Other student-athletes were already aware, as high schoolers, of Swarthmore’s academic virtues — and it was the opportunity to play sports there that made the College that much more attractive to them.
“I knew I wanted to pursue engineering, and Swarthmore was one of the few schools that actually has an engineering program that’s part of a liberal arts college,” says Genny Pezzola ’12, whose record-setting performance as a volleyball player led to her induction in the Garnet Athletics Hall of Fame this year.


“I saw it was more than just a team, it was a family,” she says. “This group took volleyball seriously, and that’s really all I wanted, because I was super passionate about volleyball.”
Whatever influences a student-athlete’s decision to come to Swarthmore, they tend to make the most of the opportunity, both on the field (or in the pool) and in the classroom.
“Varsity student-athletes here at Swarthmore represent close to 30% of the total student body,” Koch says. “They are integrated on campus and treated like other members of the general student body, keeping them focused on being a student first.”
“All Swarthmore students are hardworking and very intelligent,” says Hannah Kloetzer ’21, a former Swarthmore swimmer now studying for her Ph.D. in sports management at the University of Florida. “But being an athlete at Swarthmore and managing those time demands while also taking care of yourself means you have to have a great work ethic and attitude.
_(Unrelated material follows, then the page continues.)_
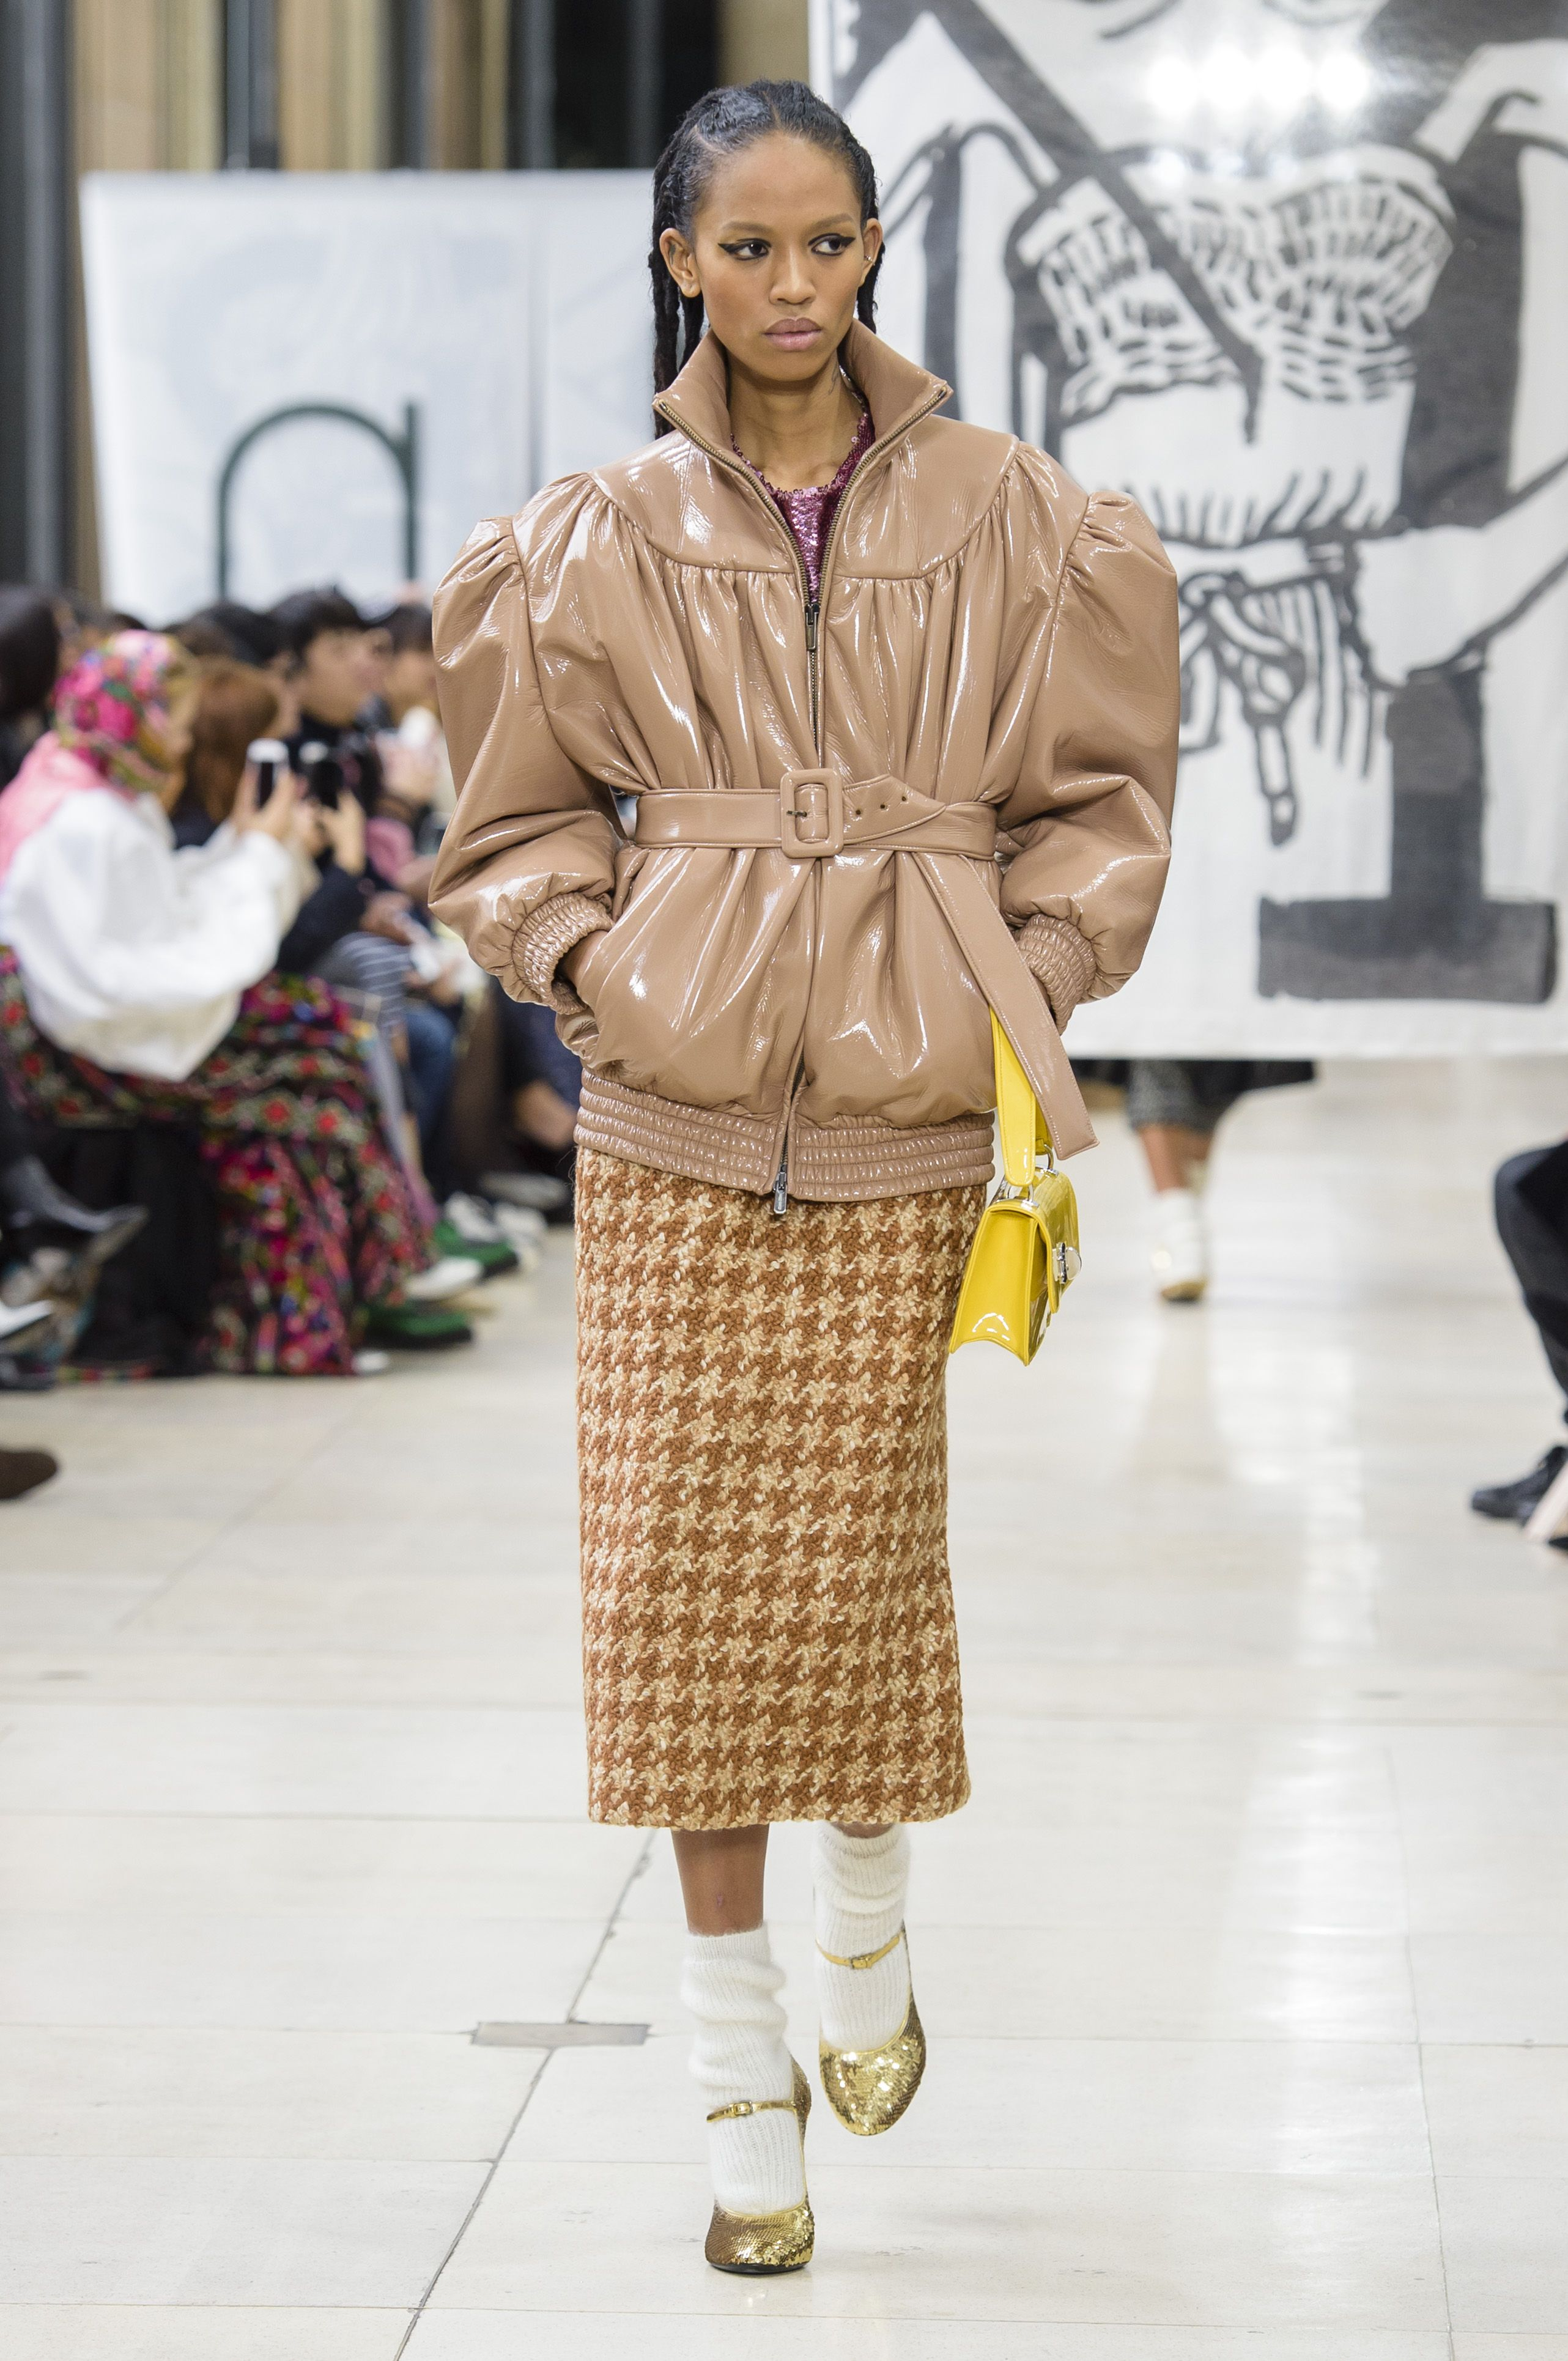 349416a0cf2fe Miu Miu, inverno 2019  alfabeto da moda em 2019   PASSARELA

The challenge now for Swarthmore is to ensure that the College’s athletics facilities are worthy of its student-athletes and coaches. The ambitious plan to improve the College’s athletics infrastructure includes renovating the Cunningham Complex — which accommodates recreational sports and intercollegiate athletics and is where the lacrosse, field hockey, soccer, and tennis teams practice — and replacing the nearly century-old Lamb-Miller Field House with a new facility that will be twice the size and feature not only an indoor track, but also a recreation infield, coaches’ offices, locker rooms and a new strength and conditioning center.
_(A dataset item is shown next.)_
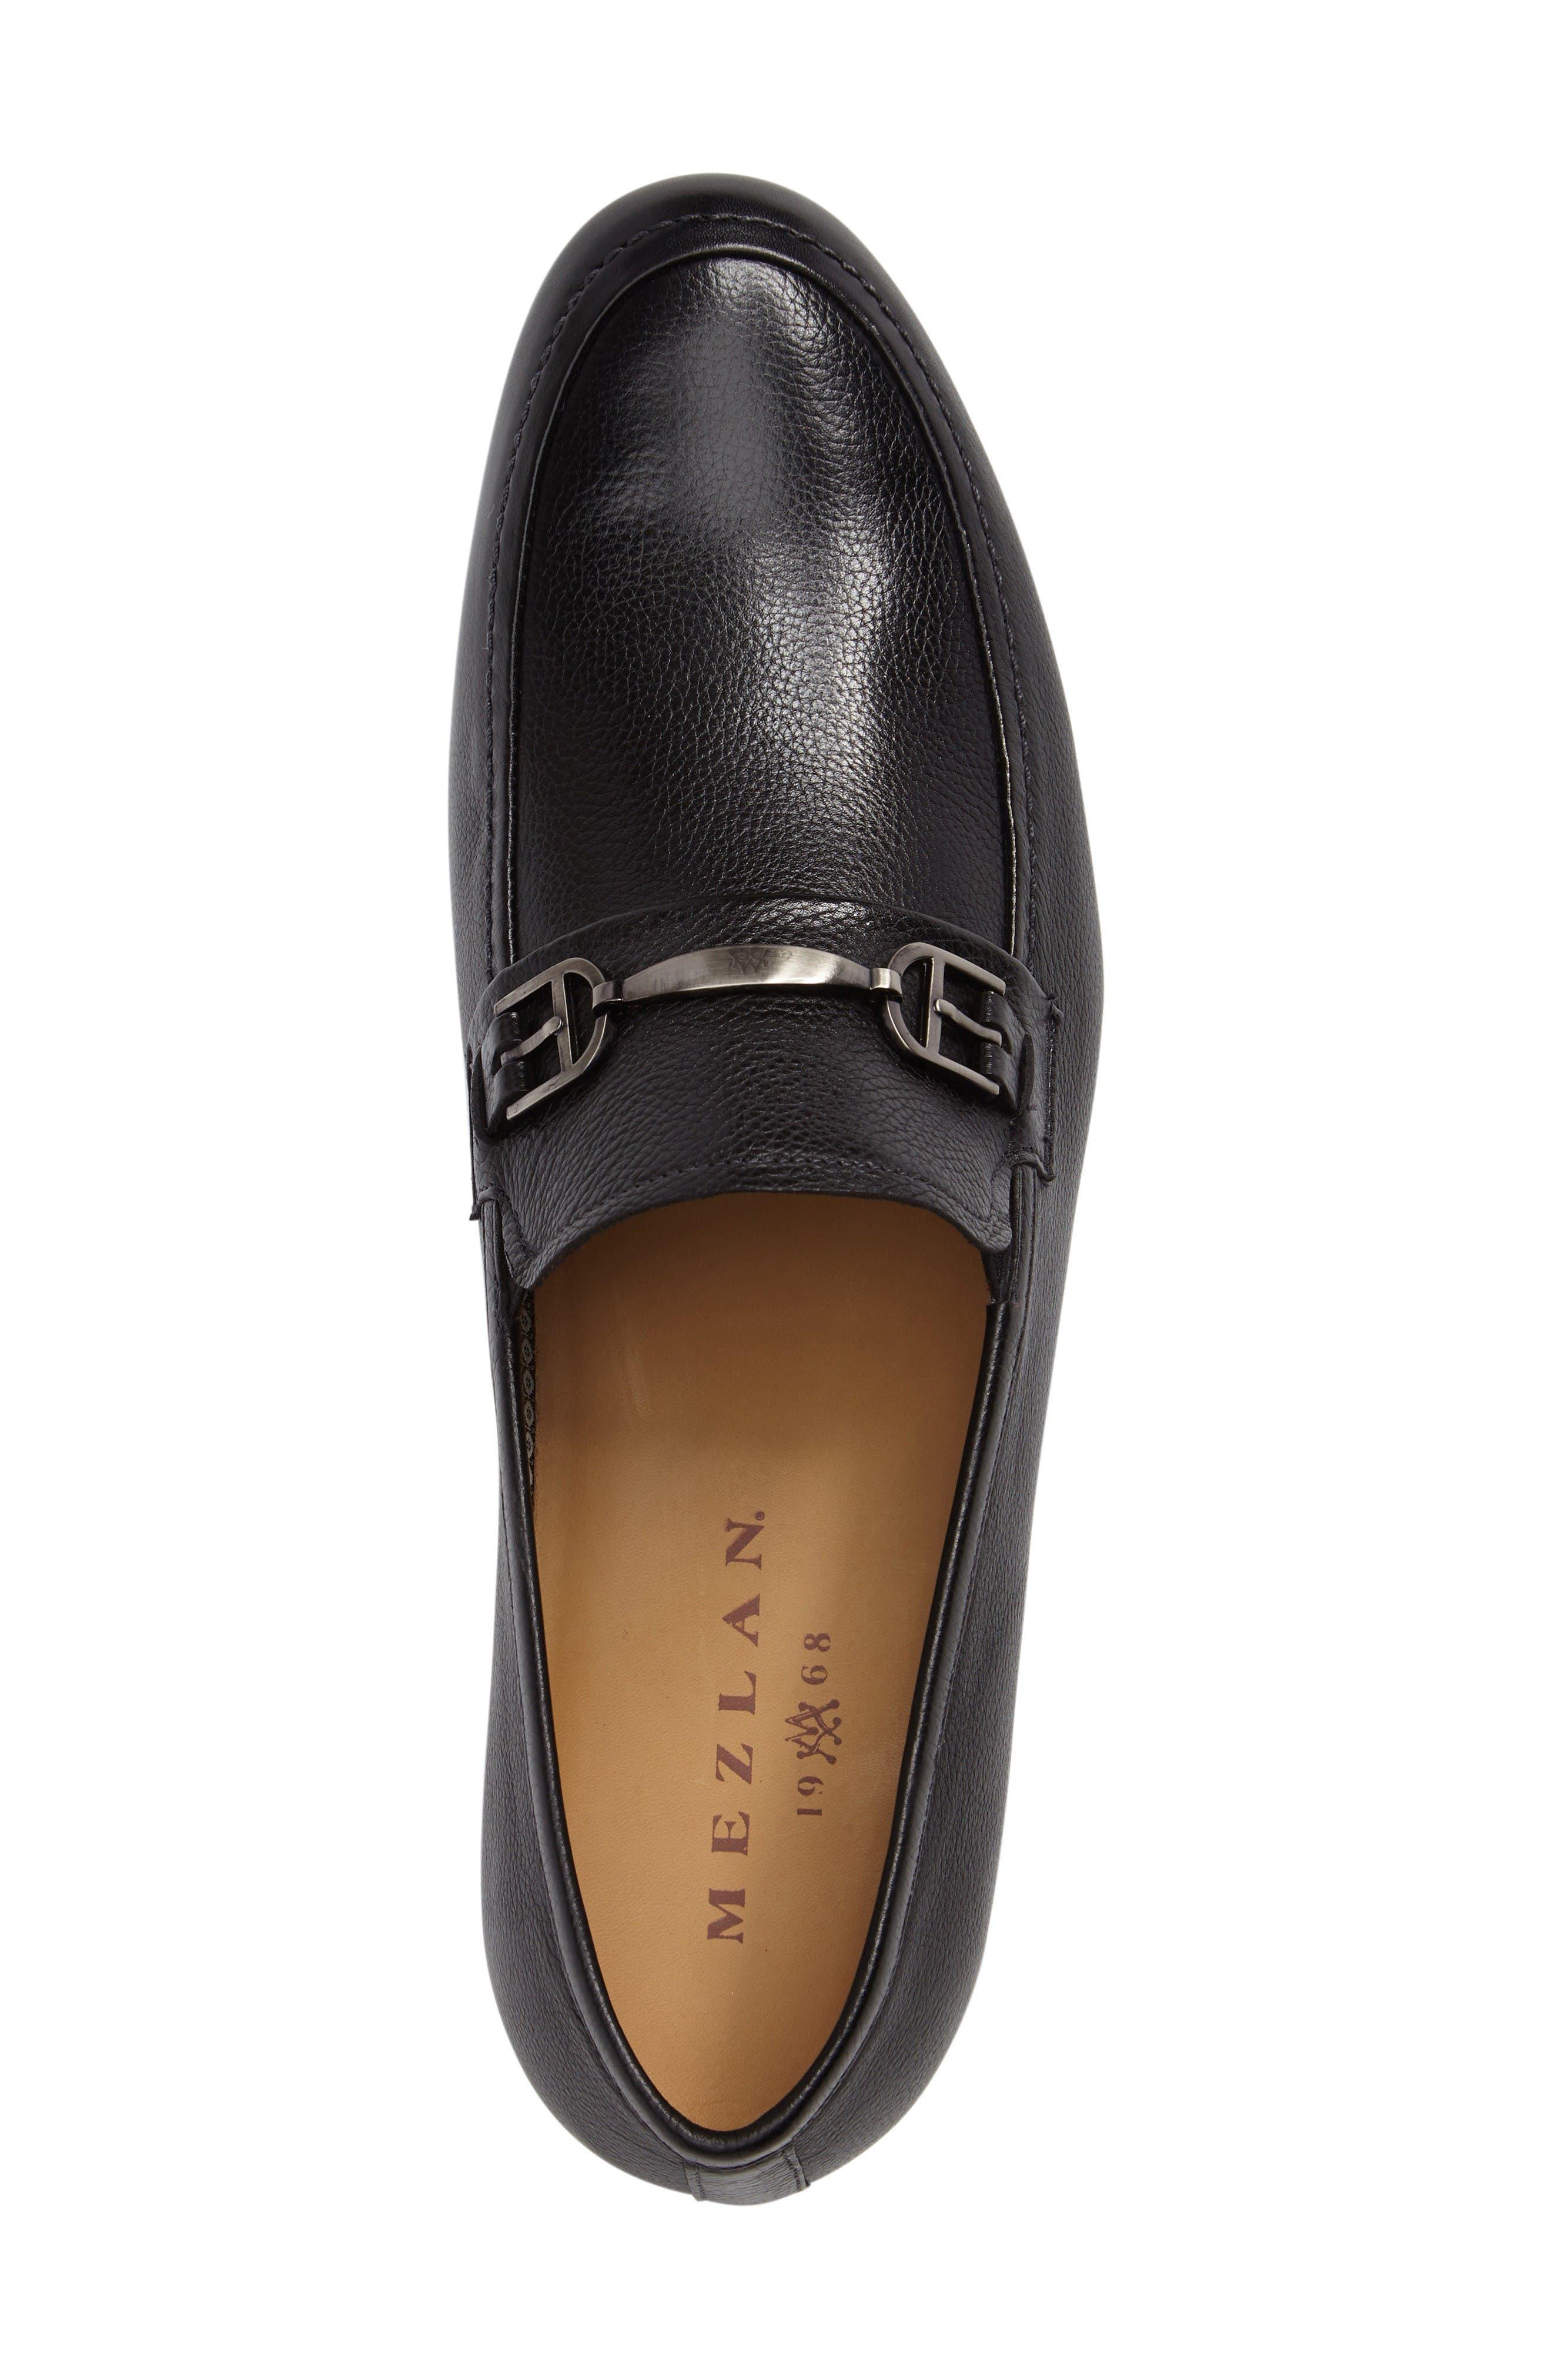 Binet Bit Loafer,                             Alternate thumbnail 5, color,                             Black Leather

“The project will be designed to attract users of all identities and abilities,” Koch says, “including community members who perhaps never considered — or even actively avoided — athletics-focused facilities.”
But even for those community members who wind up never using the new athletic facilities themselves, Swarthmore’s athletic success can provide benefits. As the students enjoying the lacrosse, baseball, and softball games on that beautiful spring day last year can attest, it is a lot of fun to root for your classmates when they compete and excel. And for alumni who rarely set foot on campus and don’t personally know any of the student-athletes who wear Swarthmore uniforms today, there can still be a sense of connection, and satisfaction, to be found in a livestream or a box score that shows their old school coming out on top in an important game.
William Hyde Appleton was no doubt correct that there should be more to Swarthmore’s sports than just “the winning,” but winning certainly has its rewards.